● Data

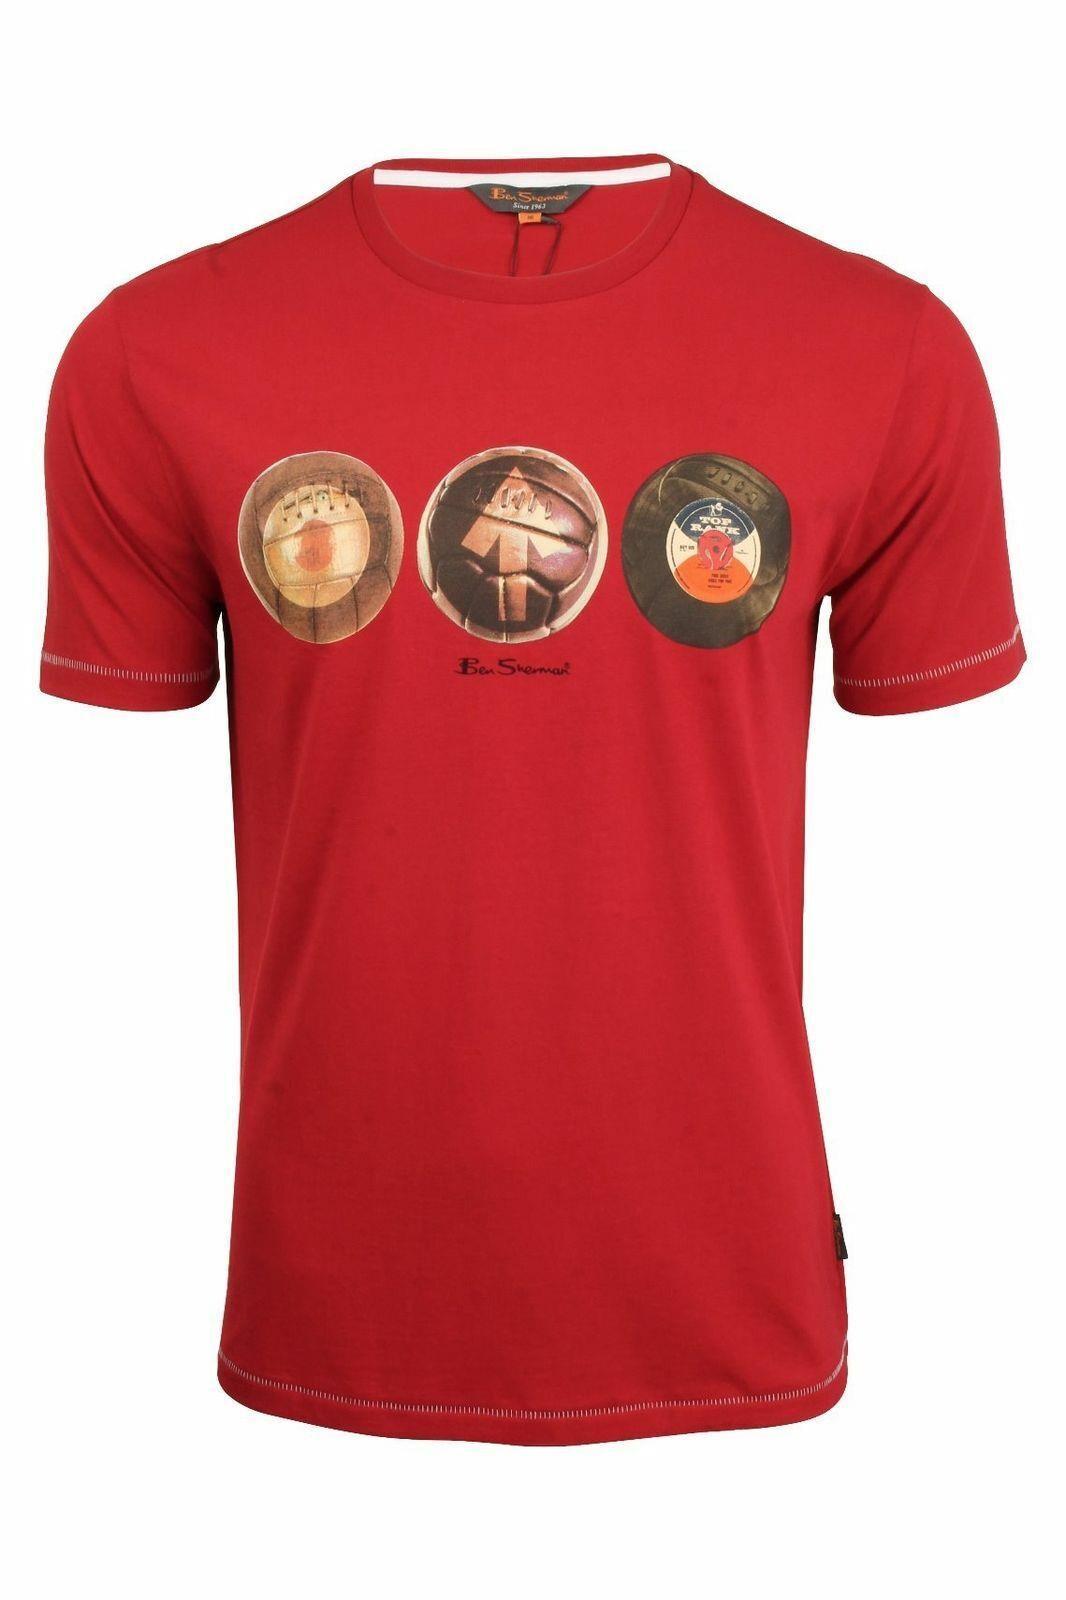 Ben Sherman vintage football Mods cotton men's short sleeve Tee T-shirt #50059
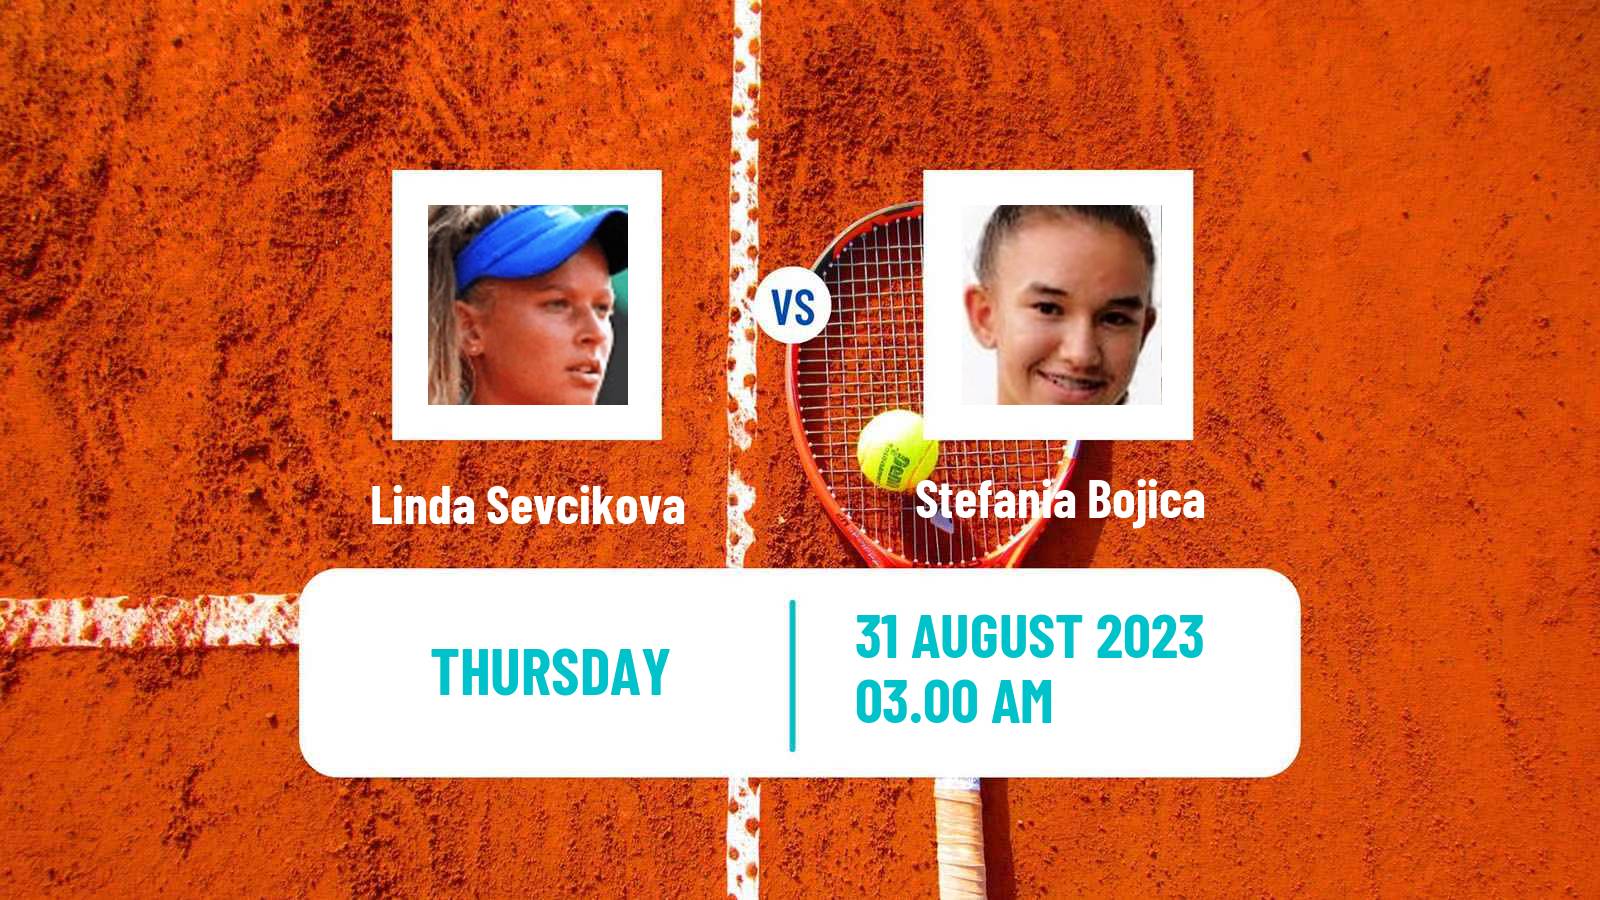 Tennis ITF W15 Brasov 2 Women Linda Sevcikova - Stefania Bojica
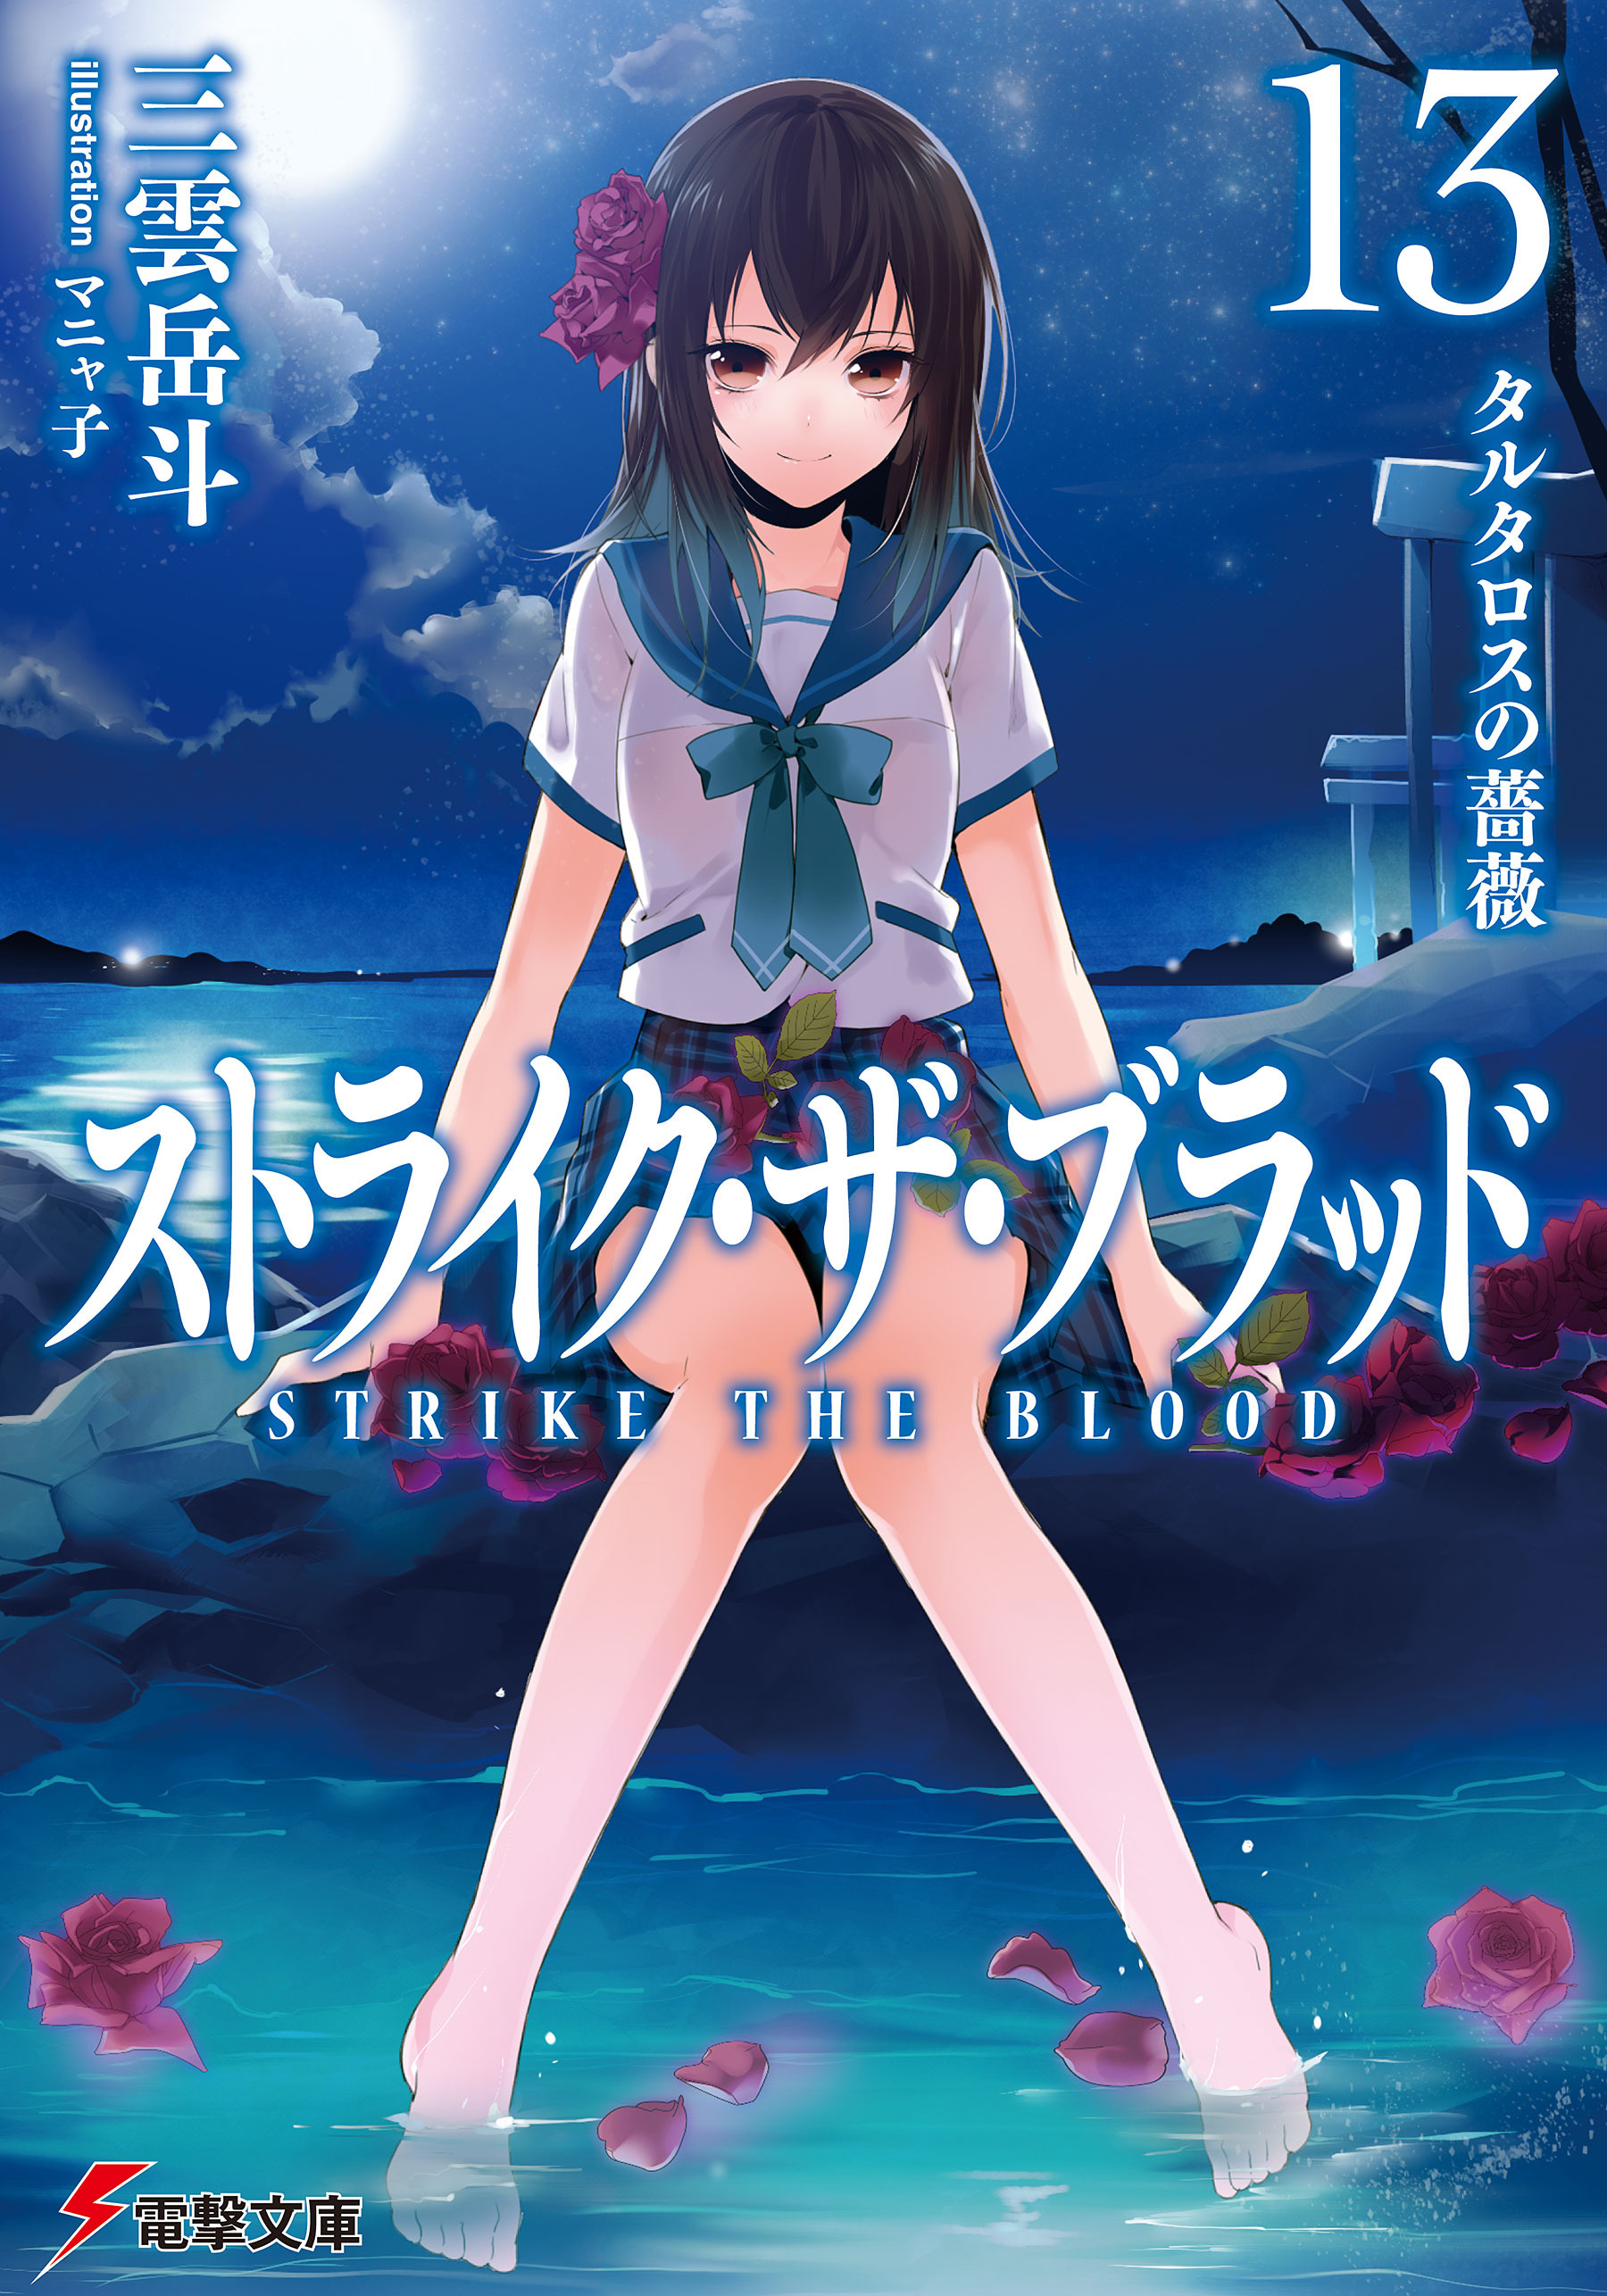 Light Novel Volume 12, Strike The Blood Wiki, Fandom

● Task directions
Every line of the material must be repeated exactly; pictures stay out.

● Solution to the problem
 Ben Sherman vintage football Mods cotton men's short sleeve Tee T-shirt #50059
 Tennis ITF W15 Brasov 2 Women Linda Sevcikova - Stefania Bojica
 Light Novel Volume 12, Strike The Blood Wiki, Fandom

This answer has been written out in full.